> Activity:
Write out exactly, and only, the lines below from the line with "womens-short-sun-dress-geometric-print-black-purple" through the line with "opi goddess of"; pictures do not belong in the copy.

> Extracted entries:
_ _ _ _ _ _ _
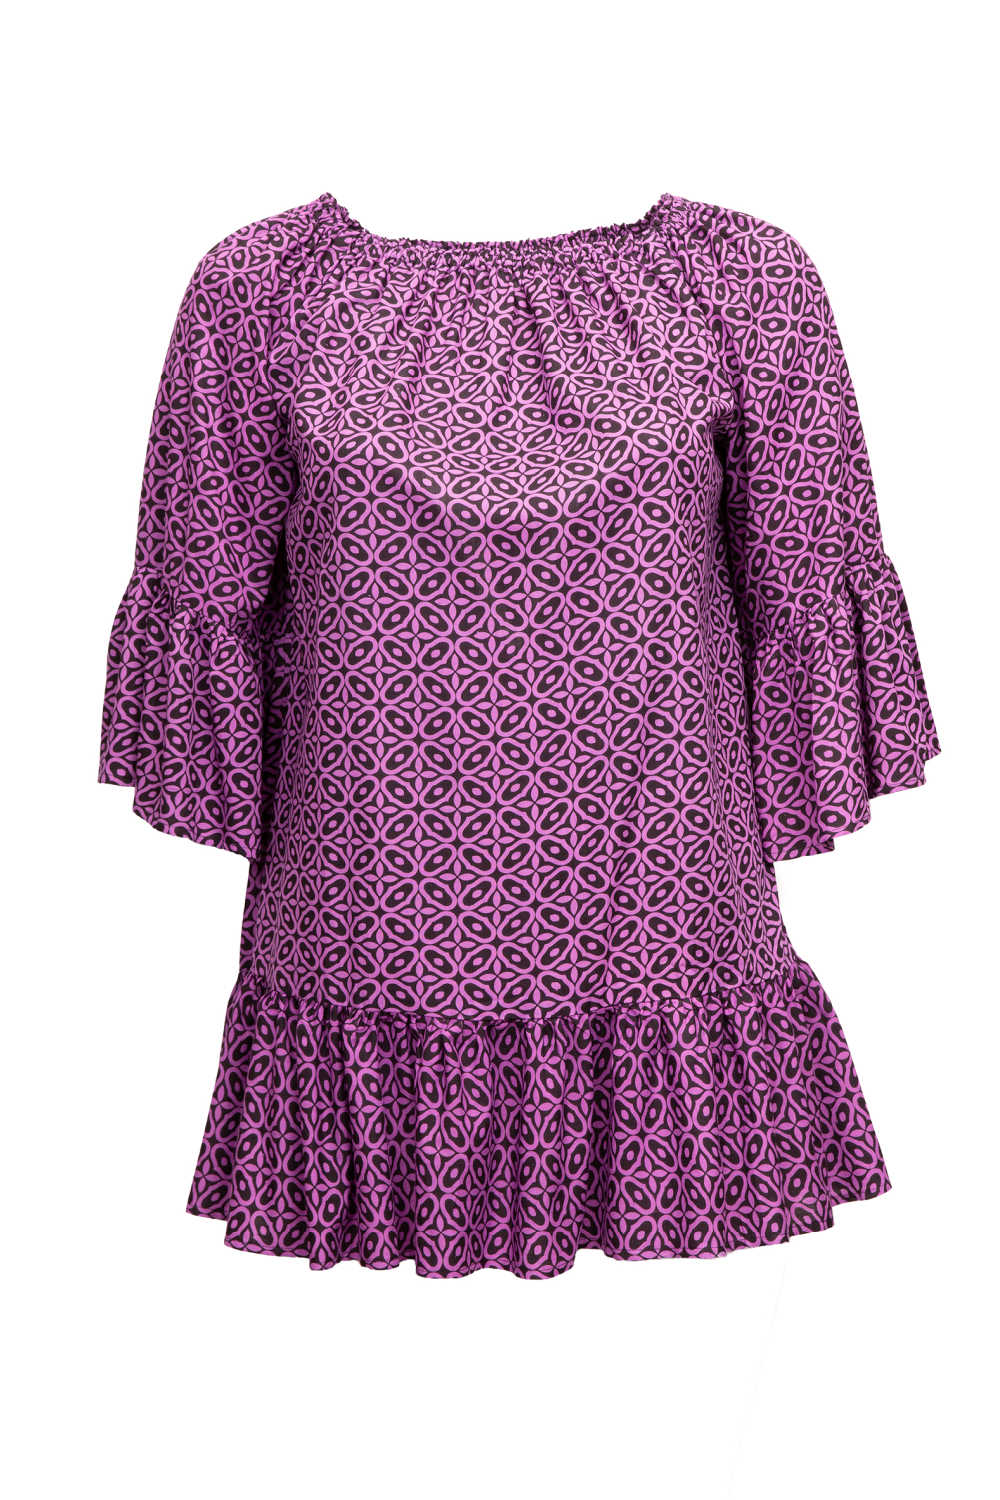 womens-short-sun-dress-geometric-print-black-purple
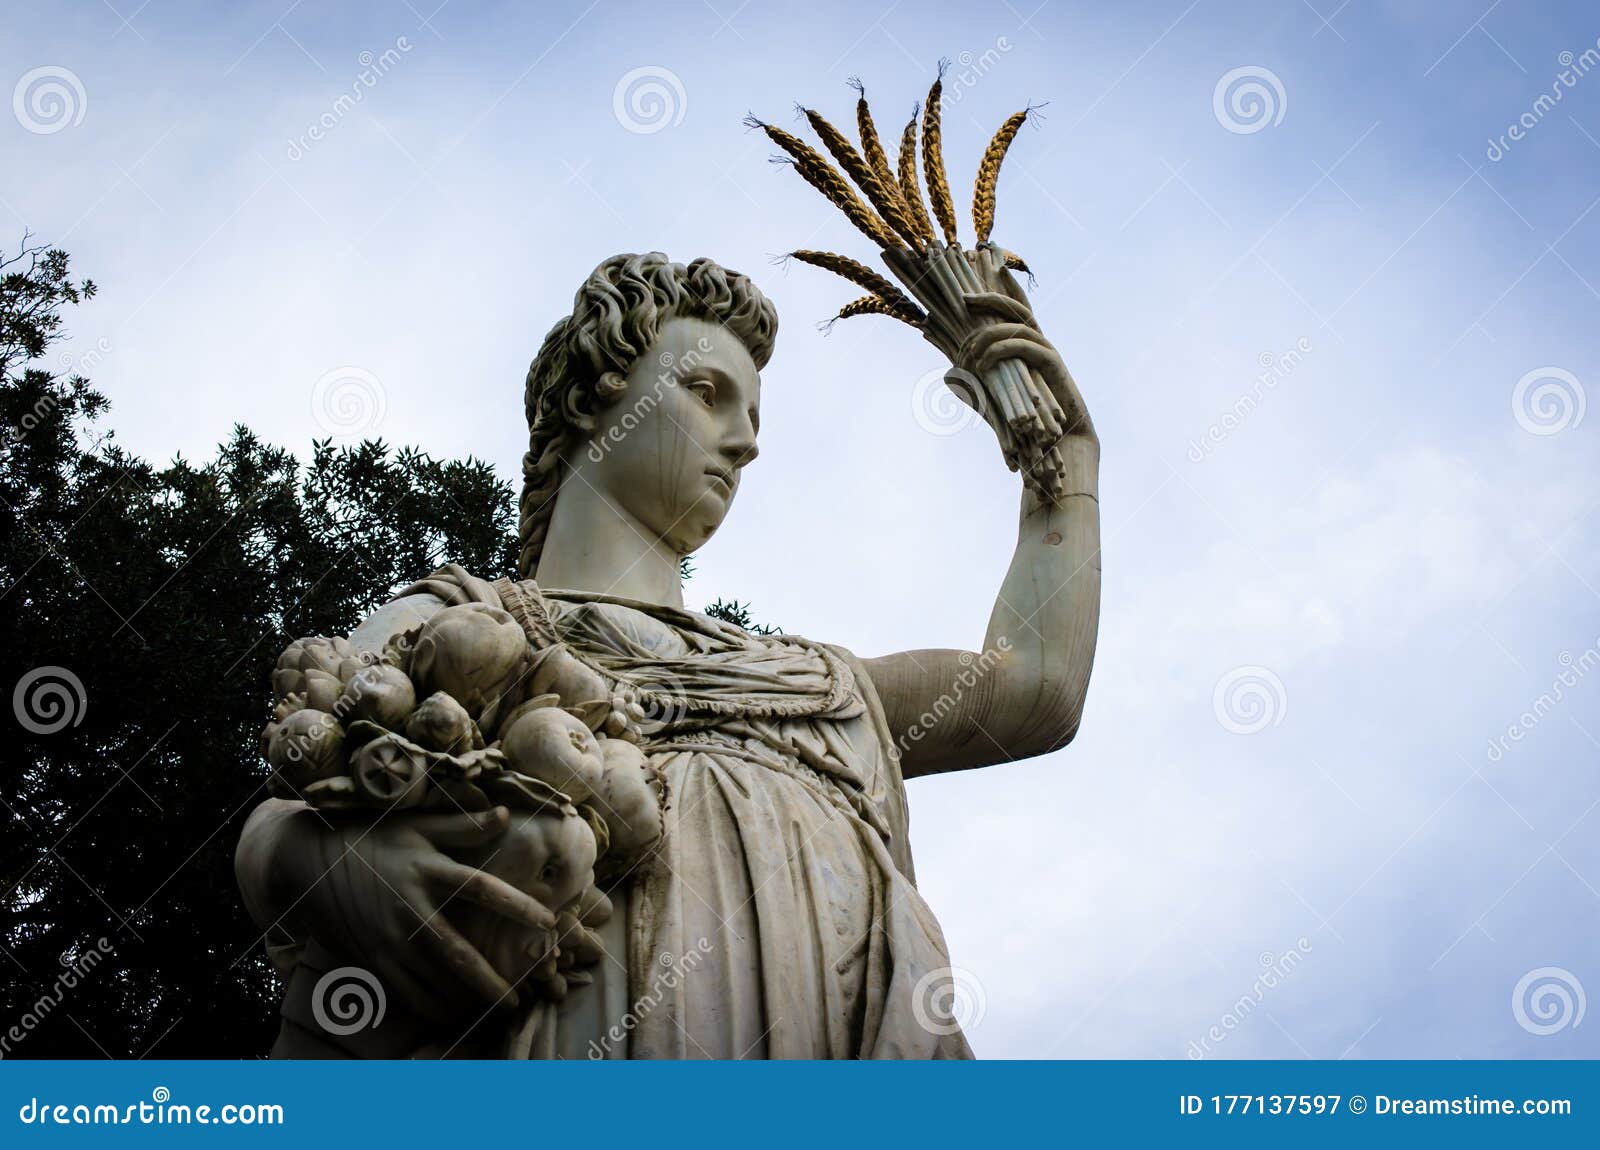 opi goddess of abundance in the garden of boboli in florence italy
_ _ _ _ _ _ _
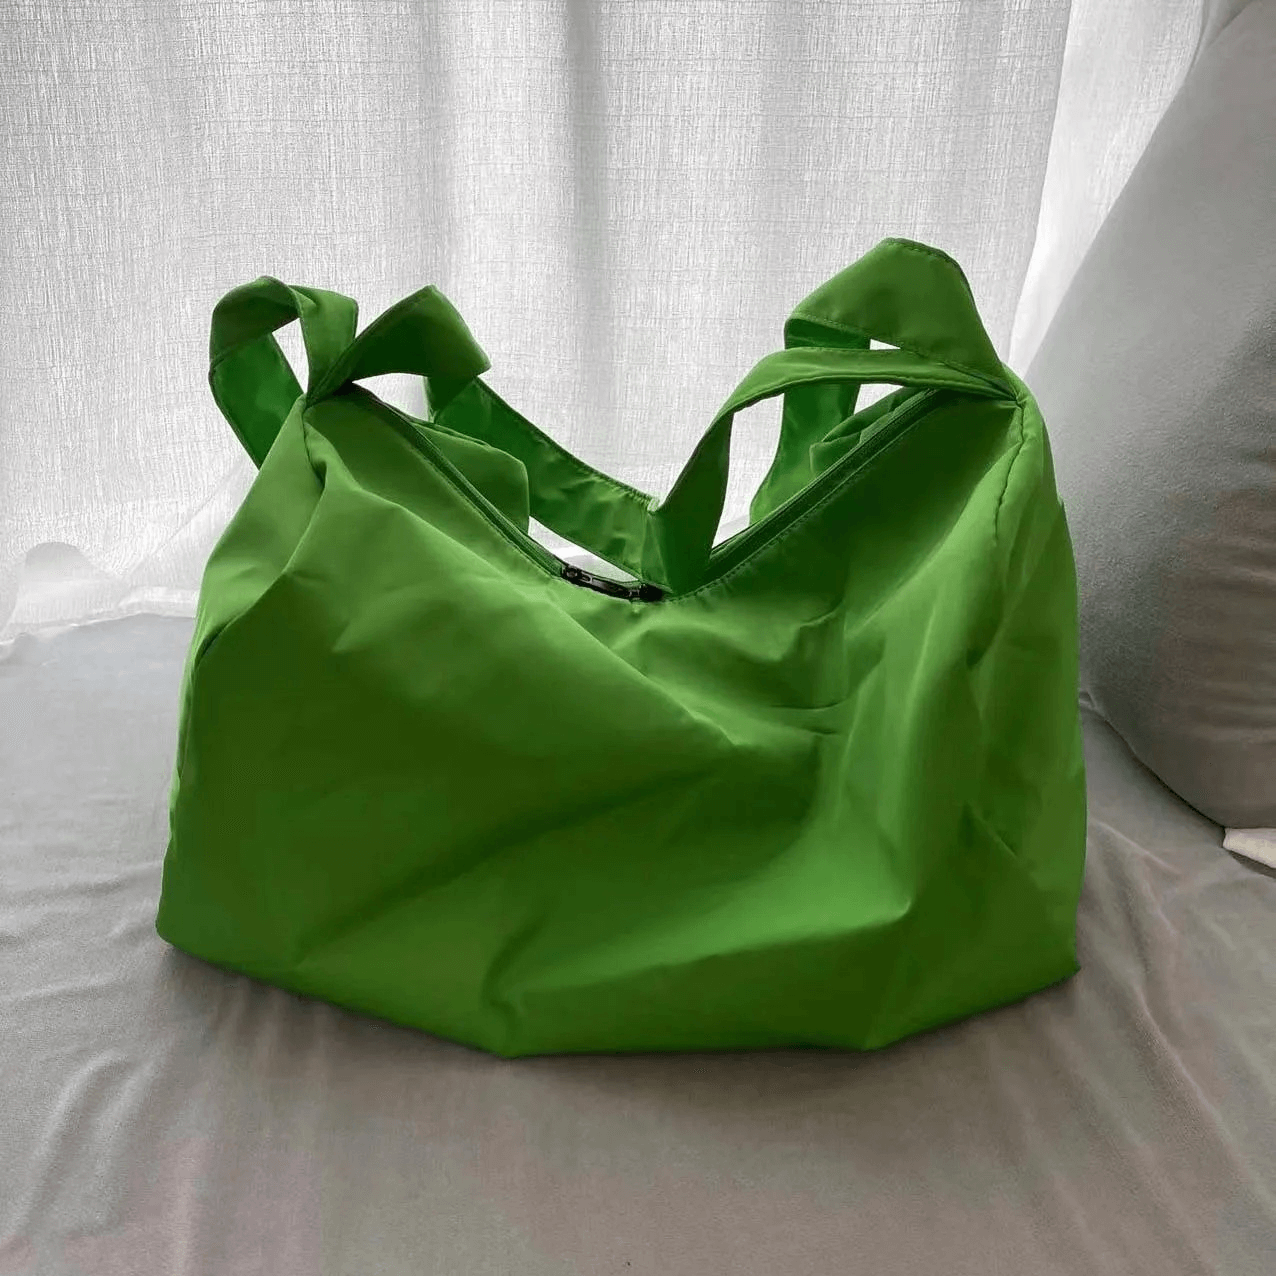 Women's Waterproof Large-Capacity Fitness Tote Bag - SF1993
_ _ _ _ _ _ _
> Finished task:
 womens-short-sun-dress-geometric-print-black-purple
 opi goddess of abundance in the garden of boboli in florence italy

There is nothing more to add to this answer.